Department of Experimental Medical Science, Lund University, Lund, Sweden.
Respir Res. 2010 May 9;11(1):54. doi: 10.1186/1465-9921-11-54.
It is widely assumed that apoptosis of eosinophils is a central component of resolution of allergic airway disease. However, this has not been demonstrated in human allergic airways in vivo. Based on animal in vivo observations we hypothesised that steroid-induced resolution of human airway eosinophilic inflammation involves inhibition of CCL5 (RANTES), a CC-chemokine regulating eosinophil and lymphocyte traffic, and elimination of eosinophils without evident occurrence of apoptotic eosinophils in the diseased tissue.
To determine mucosal eosinophilia, apoptotic eosinophils, general cell apoptosis and cell proliferation, and expression of CCL5 and CCL11 (eotaxin) in human allergic airway tissues in vivo at resolution of established symptomatic eosinophilic inflammation.
Twenty-one patients with intermittent (birch and/or grass) allergic rhinitis received daily nasal allergen challenges for two seven days' periods separated by more than two weeks washout. Five days into these "artificial pollen seasons", nasal treatment with budesonide was instituted and continued for six days in a double blinded, randomized, placebo-controlled, and crossover design. This report is a parallel group comparison of nasal biopsy histochemistry data obtained on the final day of the second treatment period.

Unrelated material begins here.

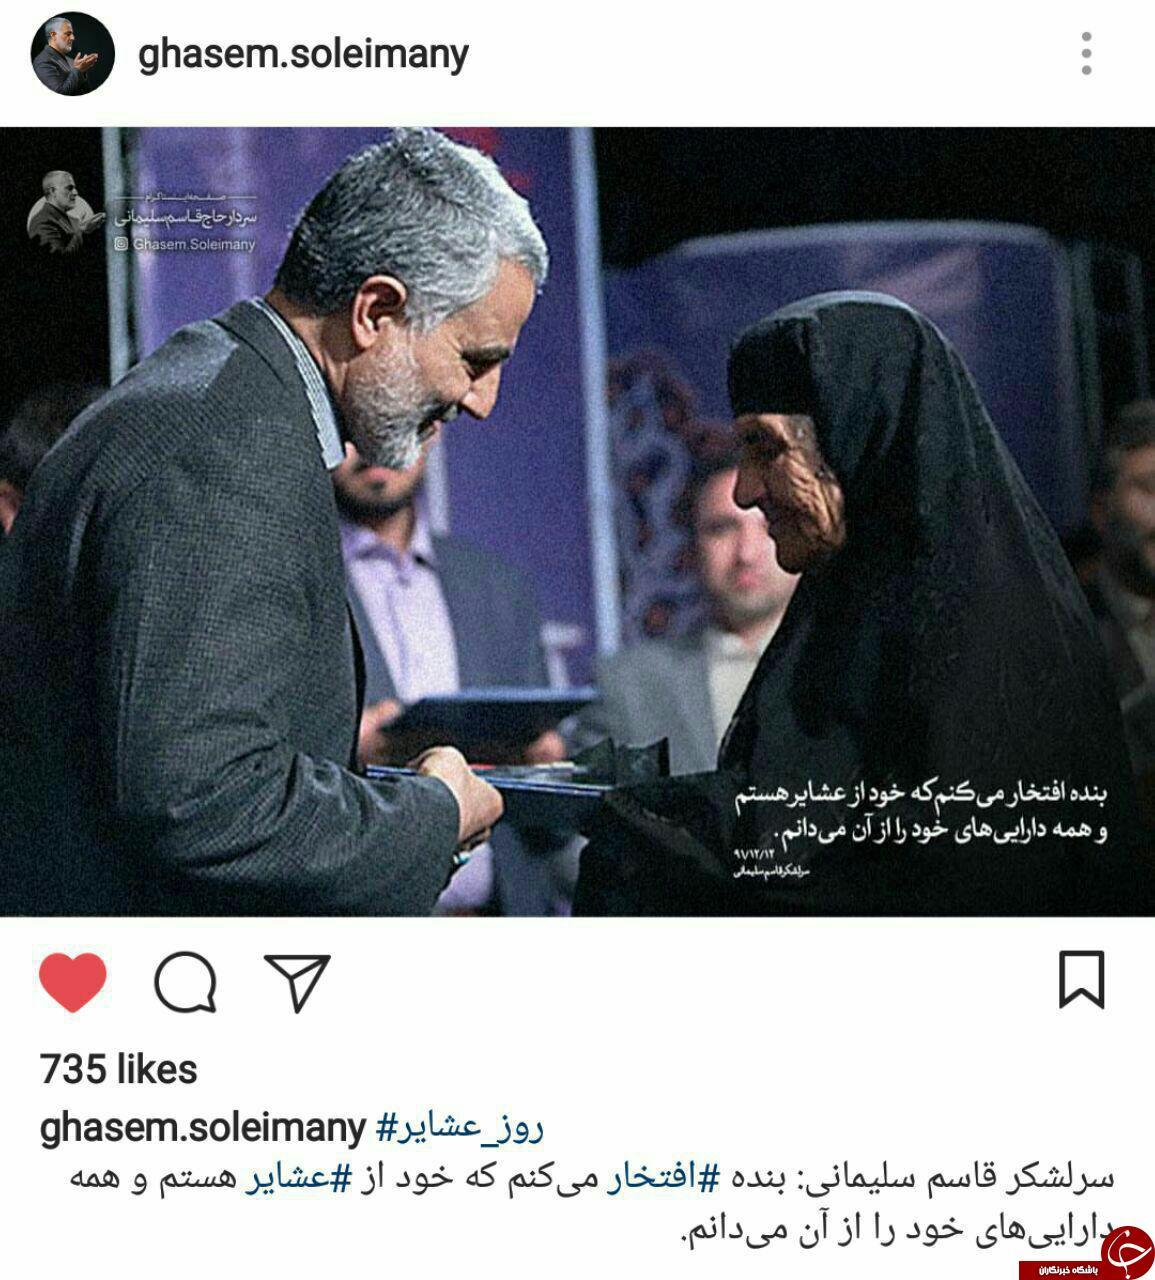 پست اینستاگرامی صفحه سردار سلیمانی به مناسبت روز عشایر + عکس

Treatments were instituted when clinical rhinitis symptoms had been established. Compared to placebo, budesonide reduced tissue eosinophilia, and subepithelial more than epithelial eosinophilia. Steroid treatment also attenuated tissue expression of CCL5, but CCL11 was not reduced. General tissue cell apoptosis and epithelial cell proliferation were reduced by budesonide. However, apoptotic eosinophils were not detected in any biopsies, irrespective of treatment.
Inhibition of CCL5-dependent recruitment of cells to diseased airway tissue, and reduced cell proliferation, reduced general cell apoptosis, but not increased eosinophil apoptosis, are involved in early phase steroid-induced resolution of human allergic rhinitis.
人们普遍认为嗜酸性粒细胞的凋亡是过敏性气道疾病缓解的核心组成部分。然而,这在人类过敏性气道疾病中尚未得到证实。基于动物体内观察到的现象,我们假设类固醇诱导的人类气道嗜酸性粒细胞炎症的缓解涉及抑制趋化因子 CCL5(RANTES),这是一种调节嗜酸性粒细胞和淋巴细胞迁移的 CC 趋化因子,以及消除嗜酸性粒细胞,而在病变组织中没有明显发生凋亡的嗜酸性粒细胞。
确定在已建立的症状性嗜酸性粒细胞炎症缓解时,人类过敏性气道组织中粘膜嗜酸性粒细胞增多、凋亡的嗜酸性粒细胞、一般细胞凋亡和细胞增殖,以及趋化因子 CCL5 和 CCL11(嗜酸性粒细胞趋化因子)的表达。
21 例间歇性(桦树和/或草)过敏性鼻炎患者接受了为期两周以上的洗脱期后,连续两个为期七天的每日鼻过敏原挑战。在这些“人工花粉季节”的第五天,开始进行布地奈德鼻内治疗,并在双盲、随机、安慰剂对照和交叉设计中持续六天。本报告是在第二次治疗期的最后一天获得的鼻活检组织化学数据的平行组比较。
在临床鼻炎症状已经确立时开始治疗。与安慰剂相比,布地奈德减少了组织嗜酸性粒细胞增多,并且亚上皮多于上皮嗜酸性粒细胞增多。类固醇治疗也减弱了组织中 CCL5 的表达,但 CCL11 没有减少。布地奈德减少了组织中的一般细胞凋亡和上皮细胞增殖。然而,在任何活检中都没有检测到凋亡的嗜酸性粒细胞,无论治疗如何。
抑制 CCL5 依赖性细胞向病变气道组织的募集,以及减少细胞增殖、减少一般细胞凋亡,但不增加嗜酸性粒细胞凋亡,参与了早期类固醇诱导的人类过敏性鼻炎的缓解。